> [PROVIDED DATA]
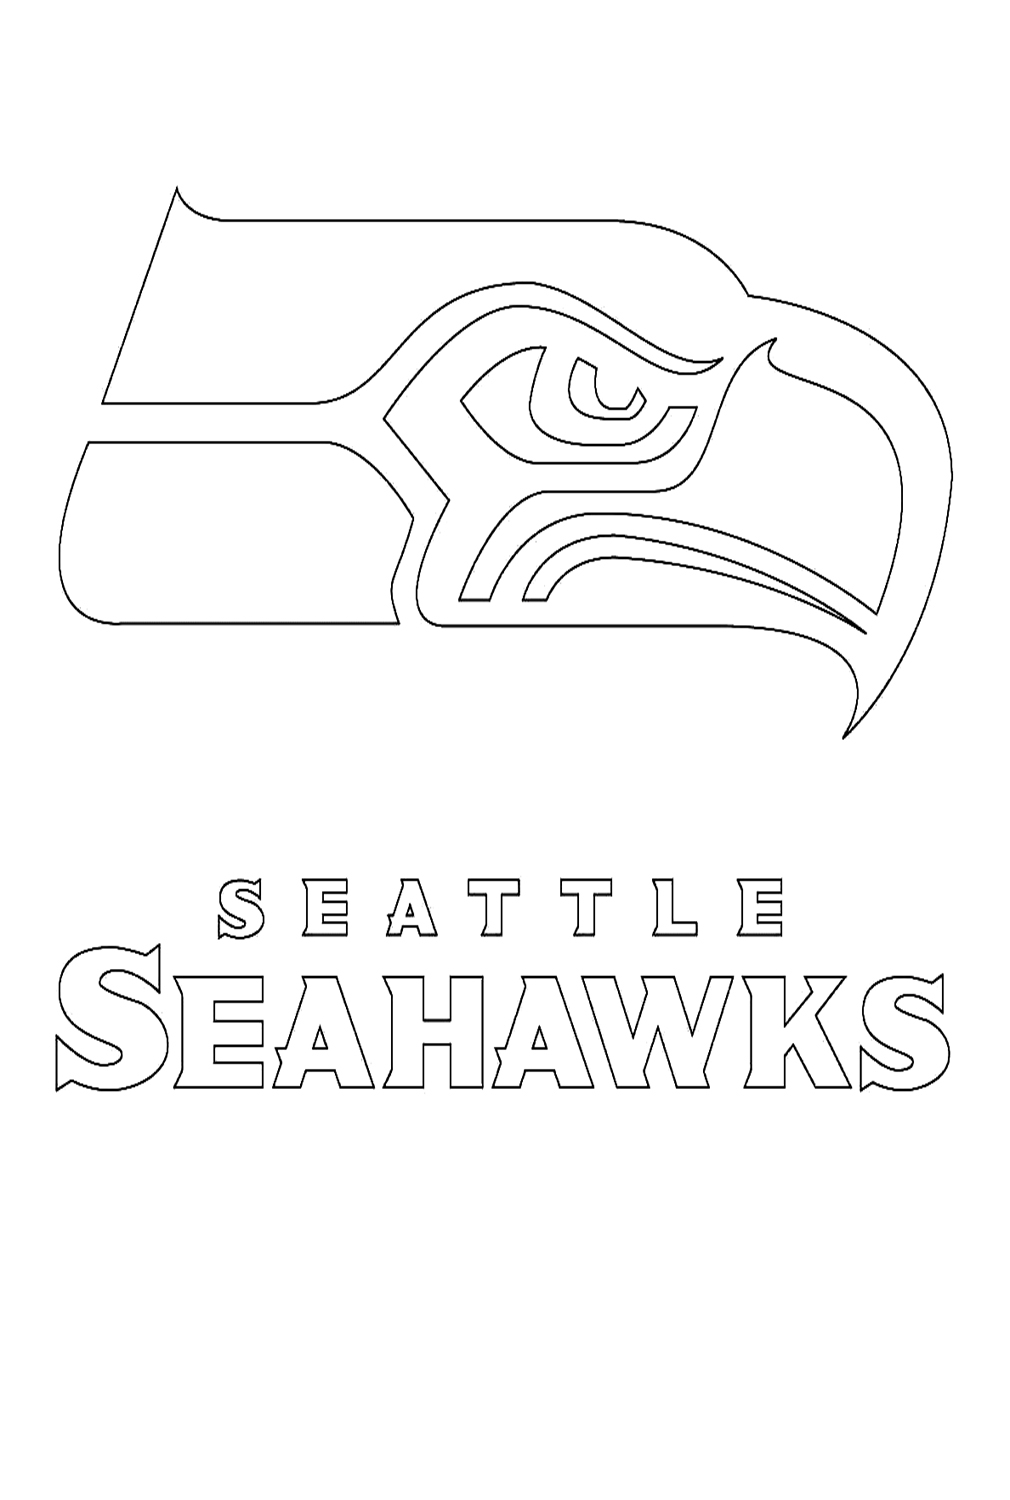 شعار سياتل سي هوكس من اتحاد كرة القدم الأميركي
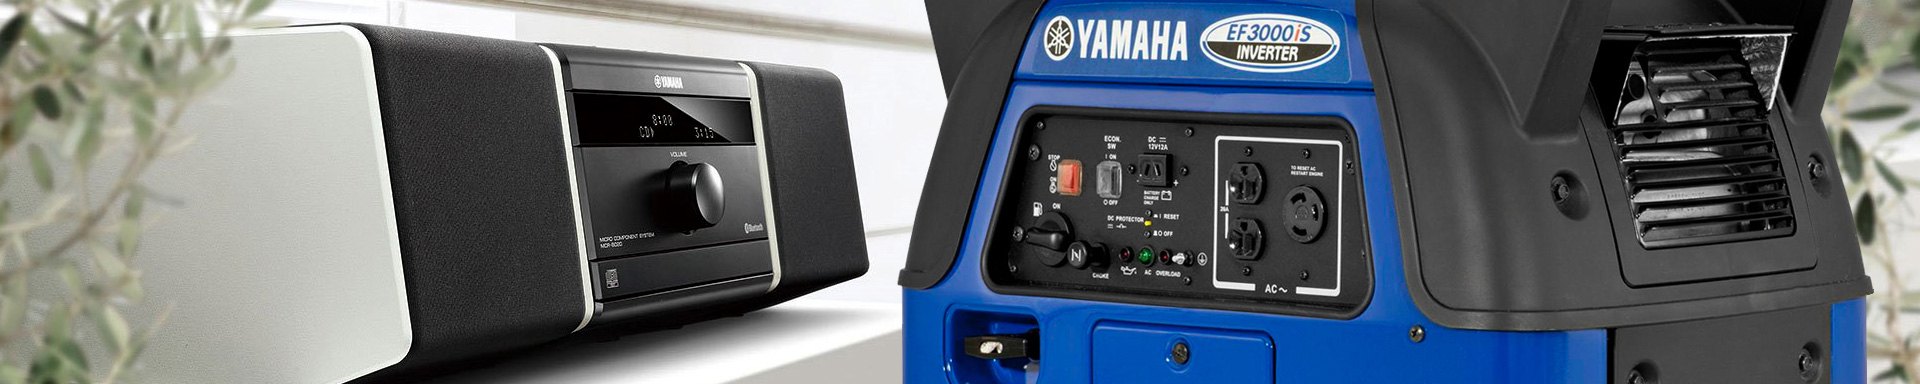 Yamaha Pressure Washers
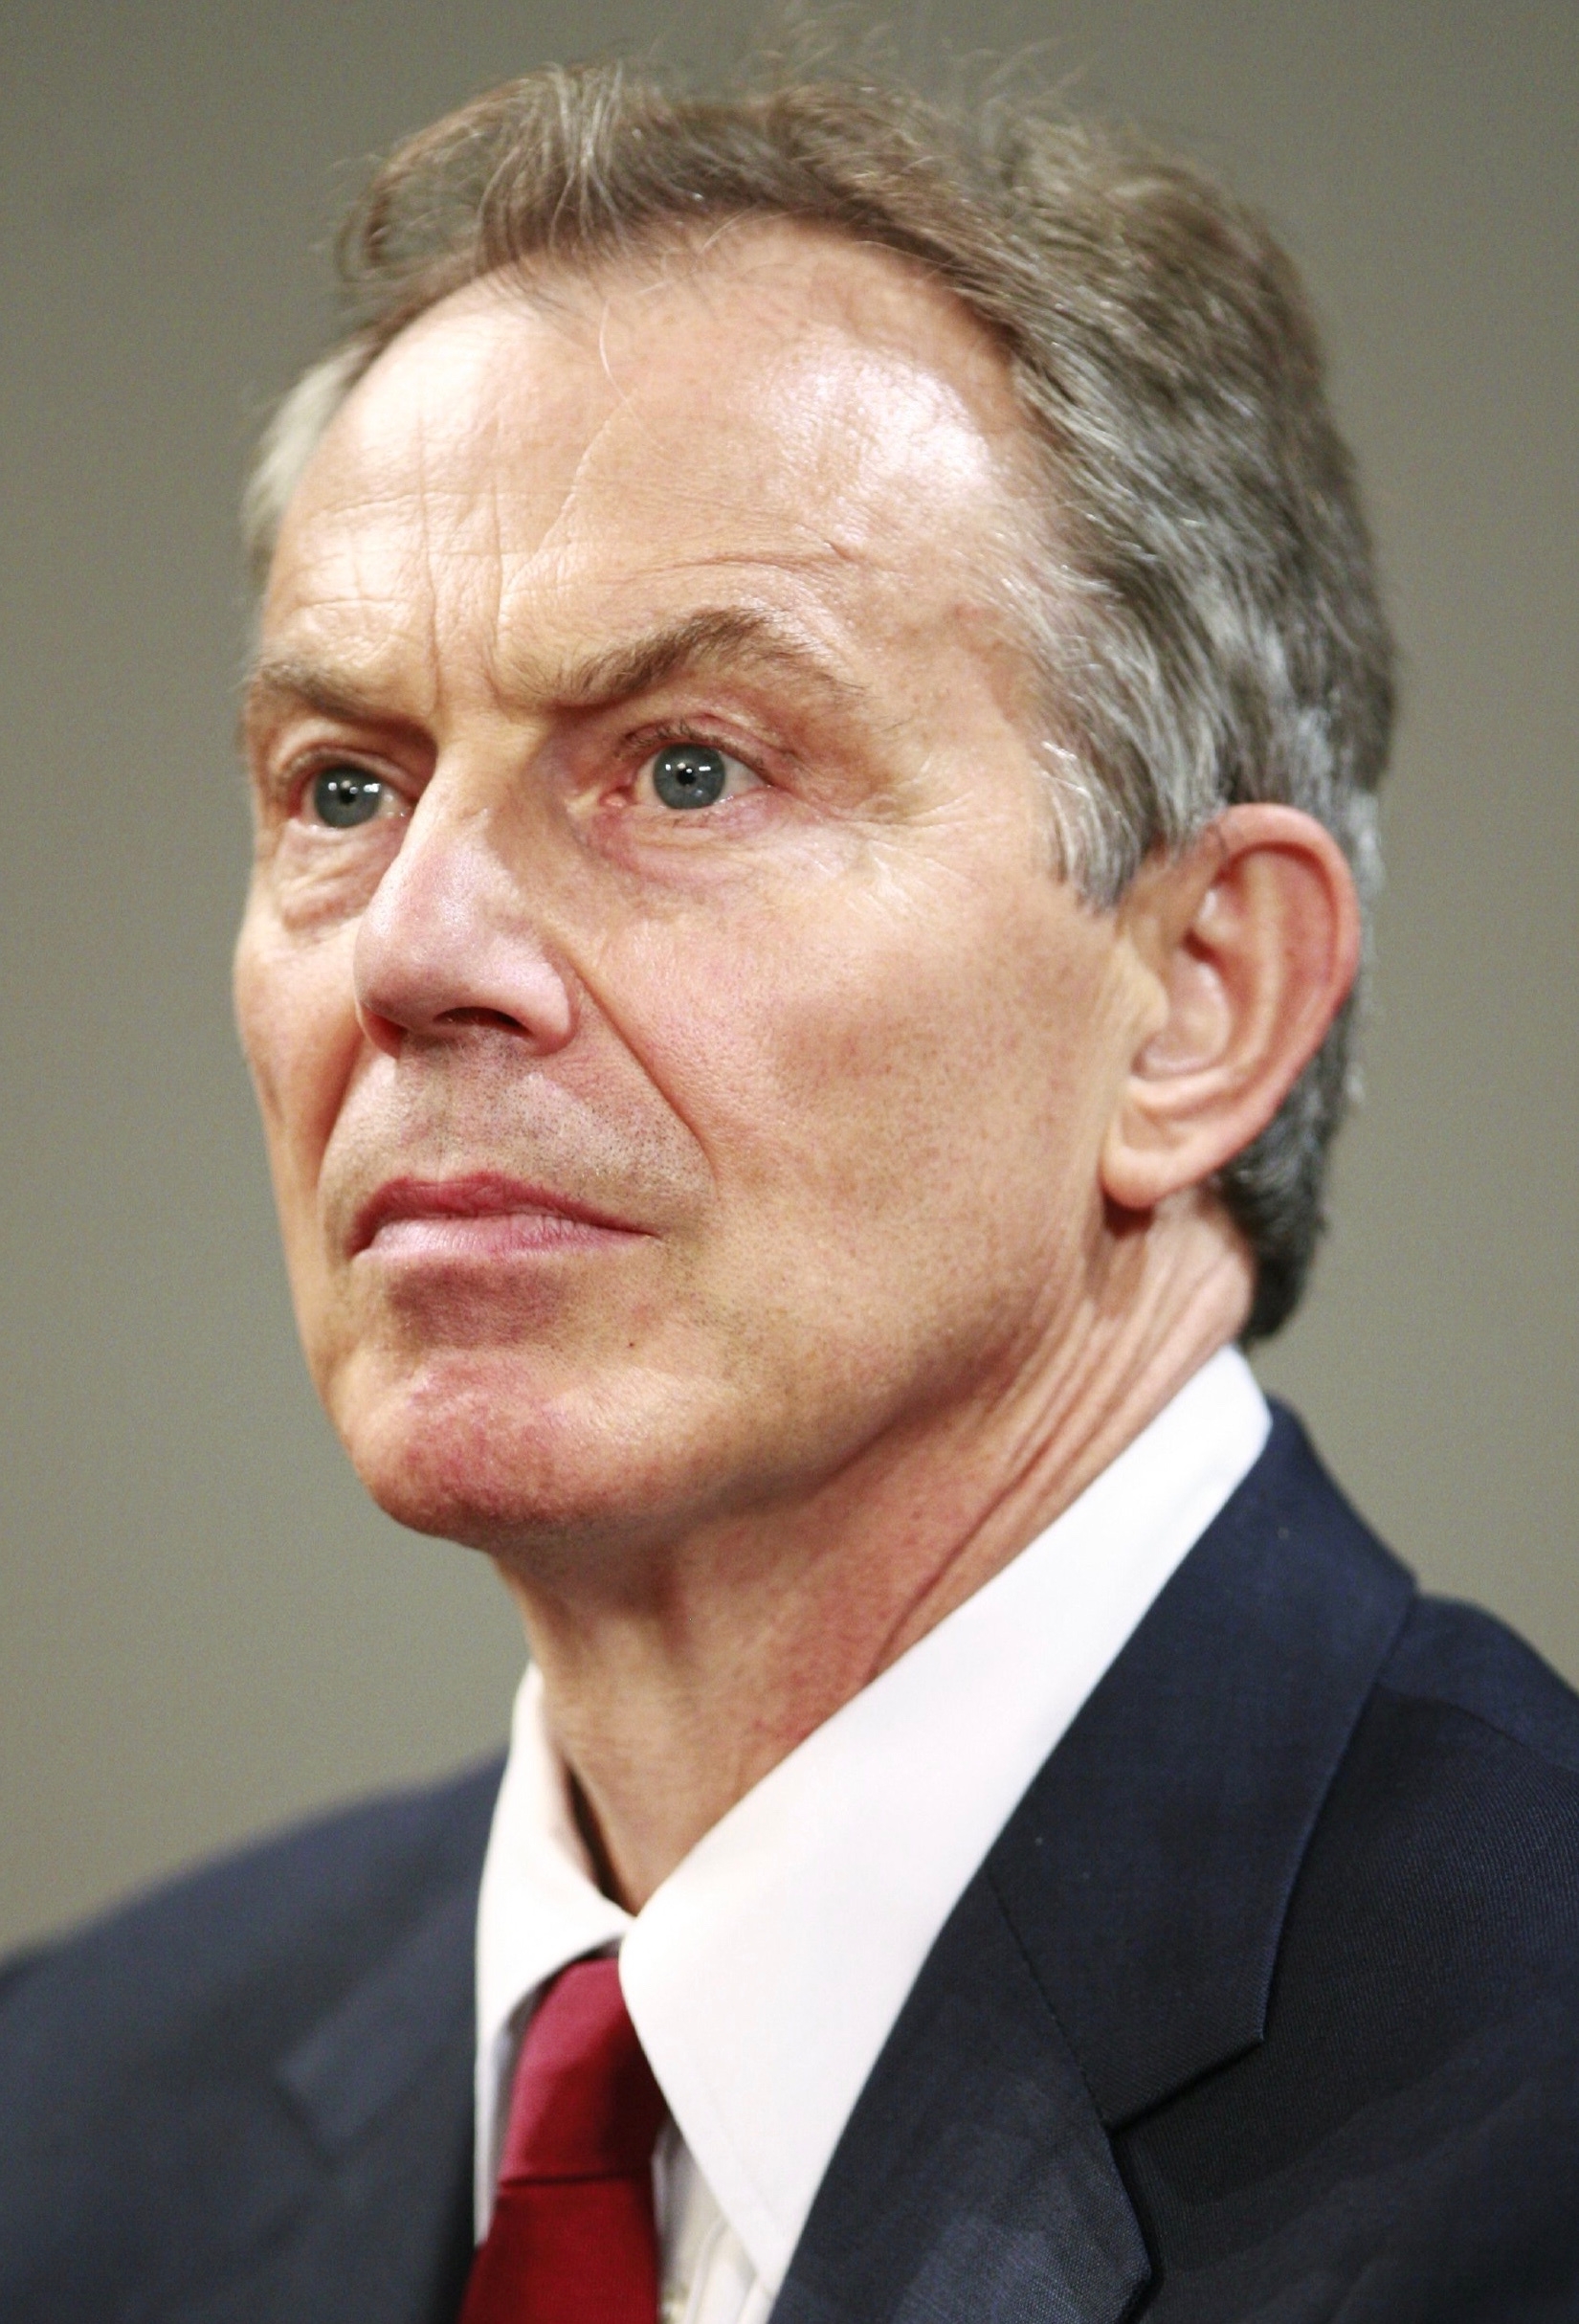 auteur Tony Blair de la citation Le pouvoir sans principe est stérile, mais le principe sans pouvoir est futile. Il s'agit d'un parti de gouvernement, et je le dirigerai en tant que parti de gouvernement.

> [YOUR INSTRUCTIONS]
Leave every image out when you return the material above word for word.

> [SOLUTION FOR THIS PROBLEM]
 شعار سياتل سي هوكس من اتحاد كرة القدم الأميركي
 Yamaha Pressure Washers
 auteur Tony Blair de la citation Le pouvoir sans principe est stérile, mais le principe sans pouvoir est futile. Il s'agit d'un parti de gouvernement, et je le dirigerai en tant que parti de gouvernement.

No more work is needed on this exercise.